Given material:
+===+

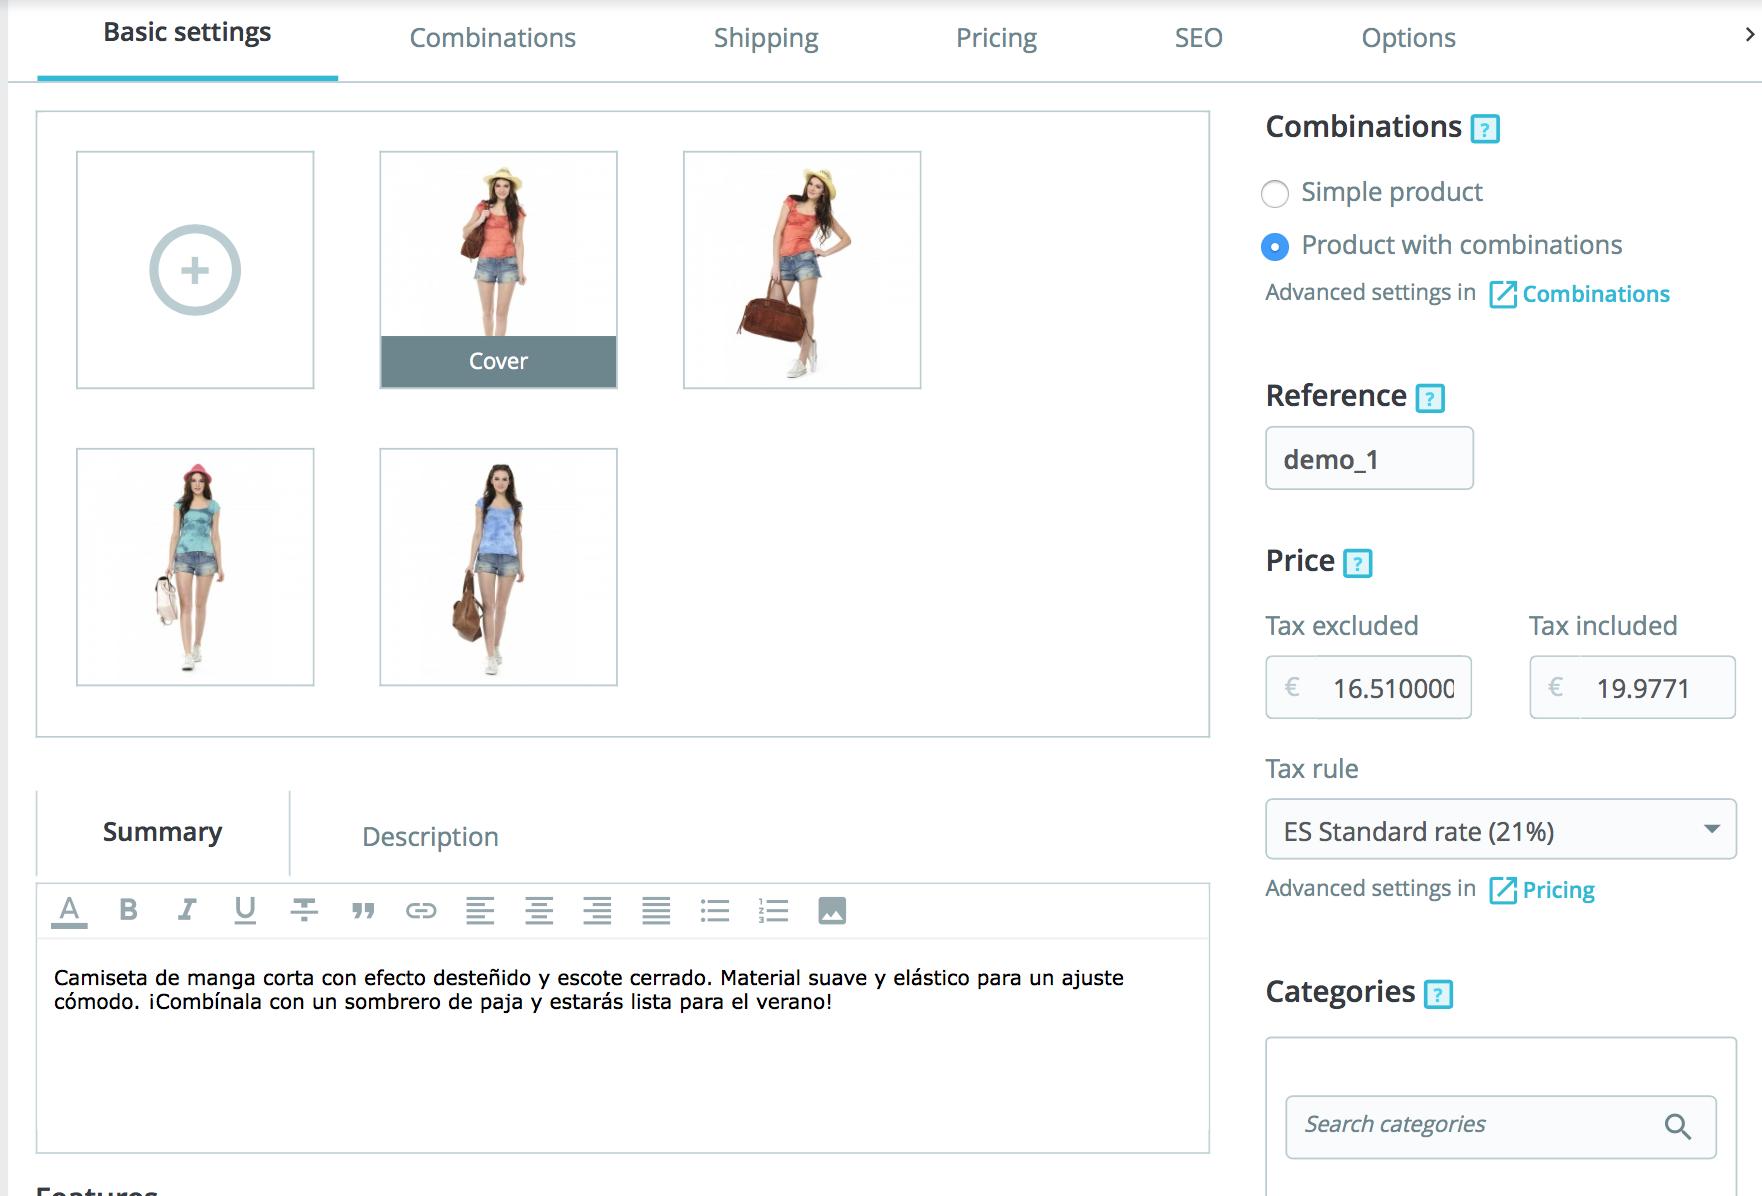 incluye las opciones de imagen,  precio, impuestos, categorías, descripción corta y larga
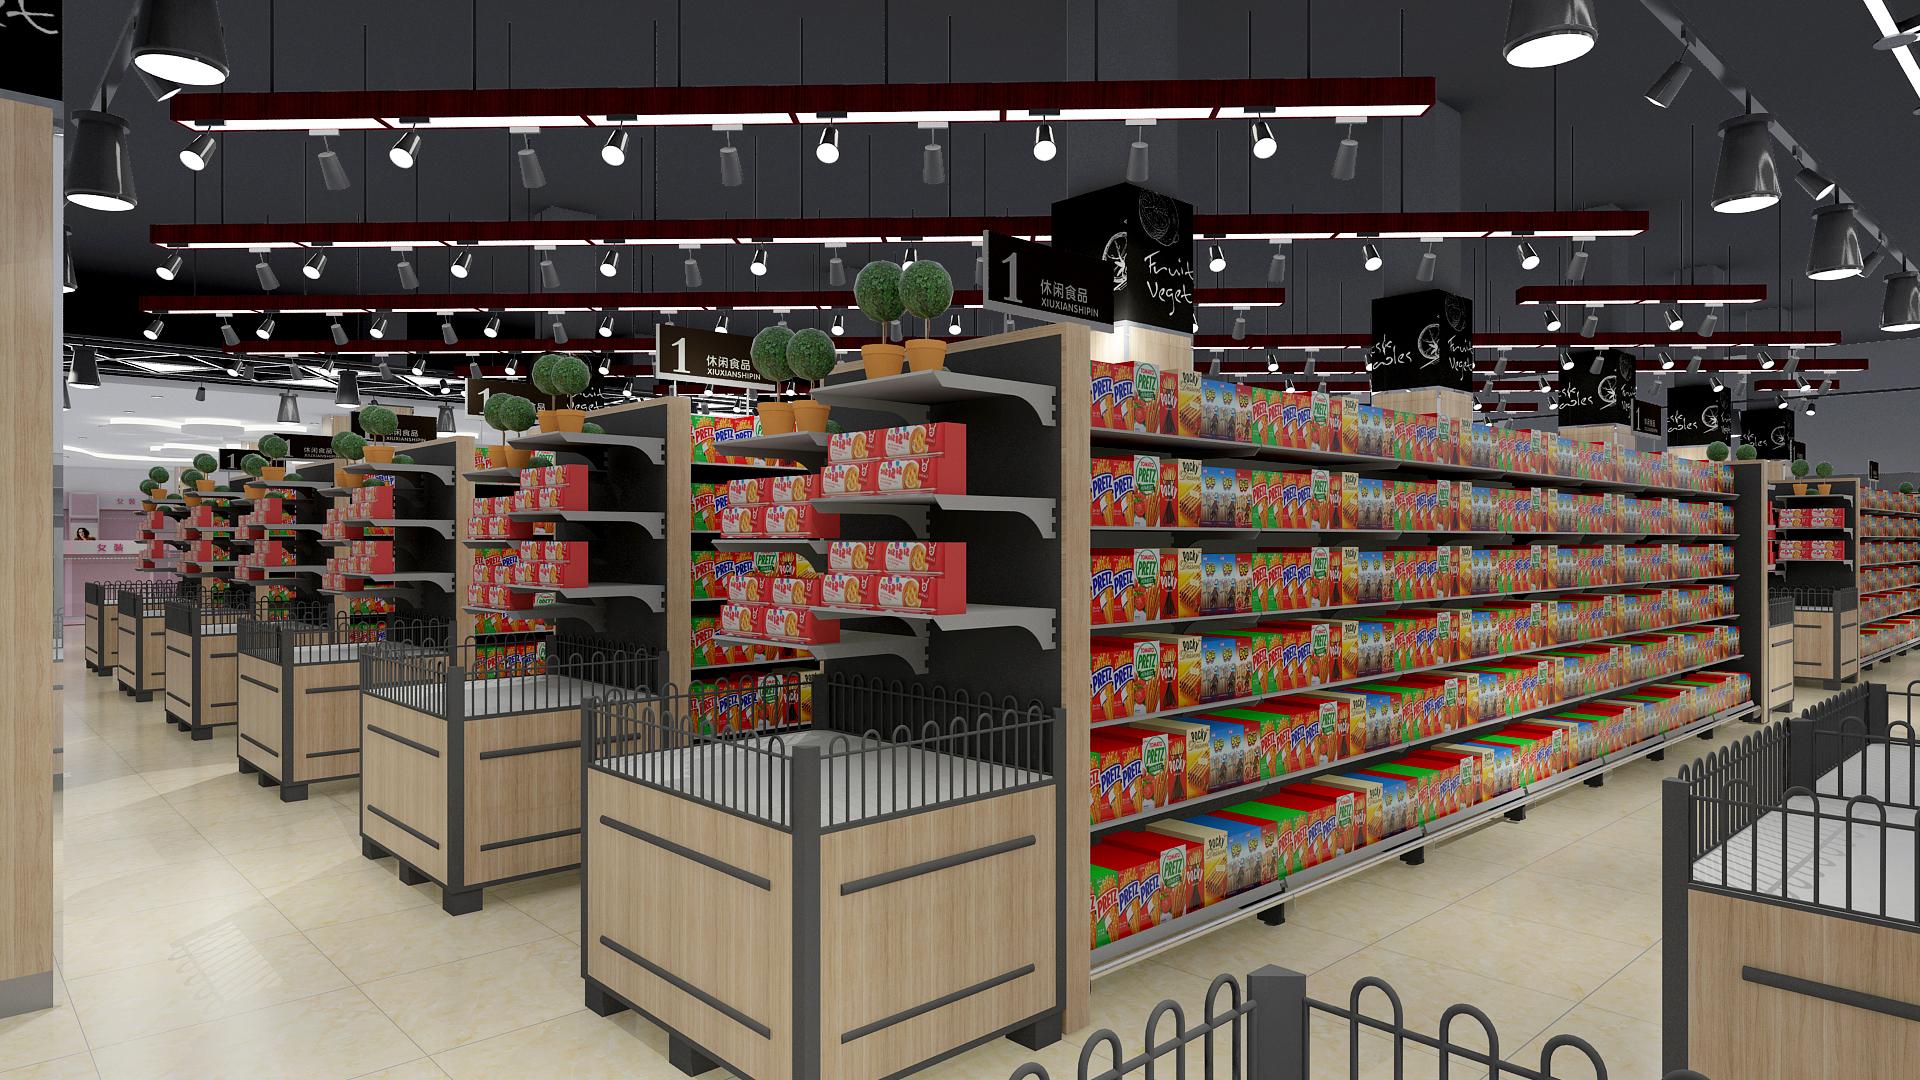 在挑选超市瓷砖的时候需要考虑哪些因素呢?
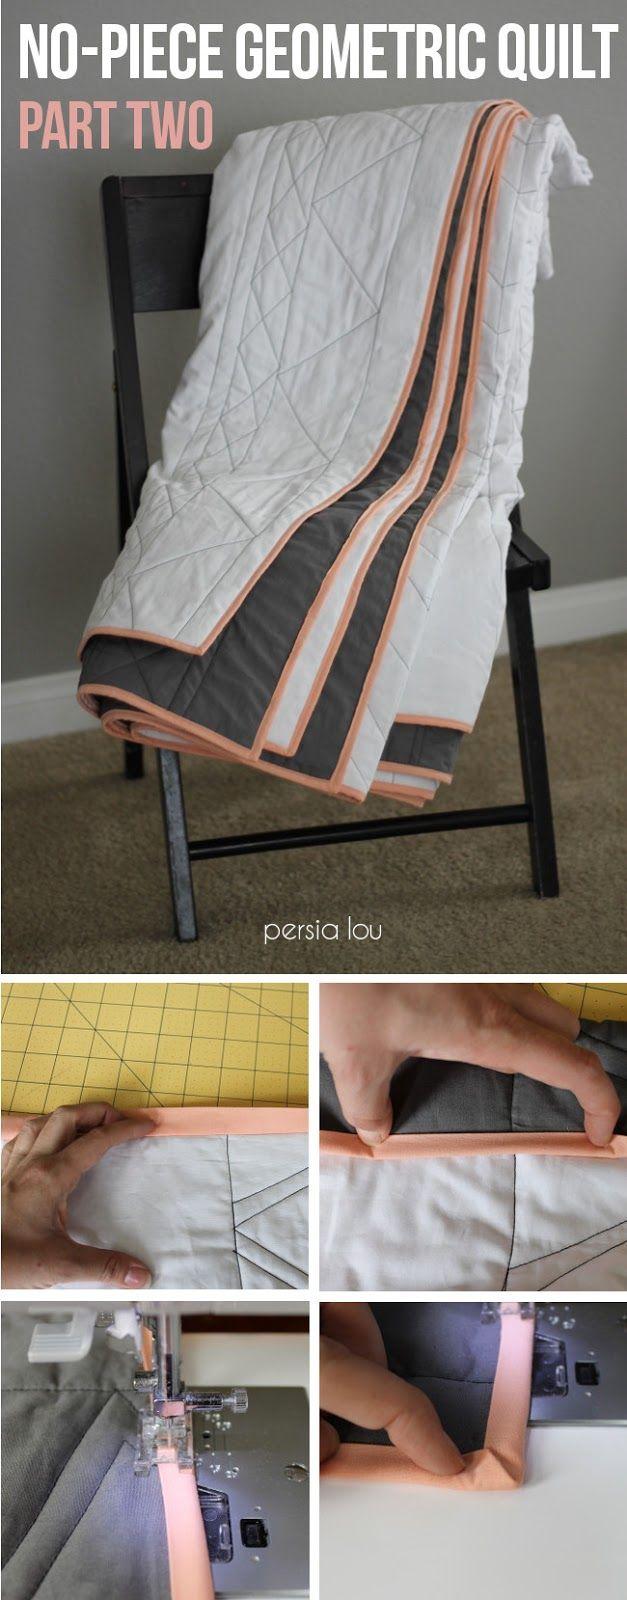 Best 25+ Geometric quilt ideas on Pinterest | Modern quilt ... : piecing quilt batting - Adamdwight.com

+===+

Your objective: The pictures are not wanted, but every line of the listing should be duplicated exactly.

Output of the exercise:
 incluye las opciones de imagen,  precio, impuestos, categorías, descripción corta y larga
 在挑选超市瓷砖的时候需要考虑哪些因素呢?
 Best 25+ Geometric quilt ideas on Pinterest | Modern quilt ... : piecing quilt batting - Adamdwight.com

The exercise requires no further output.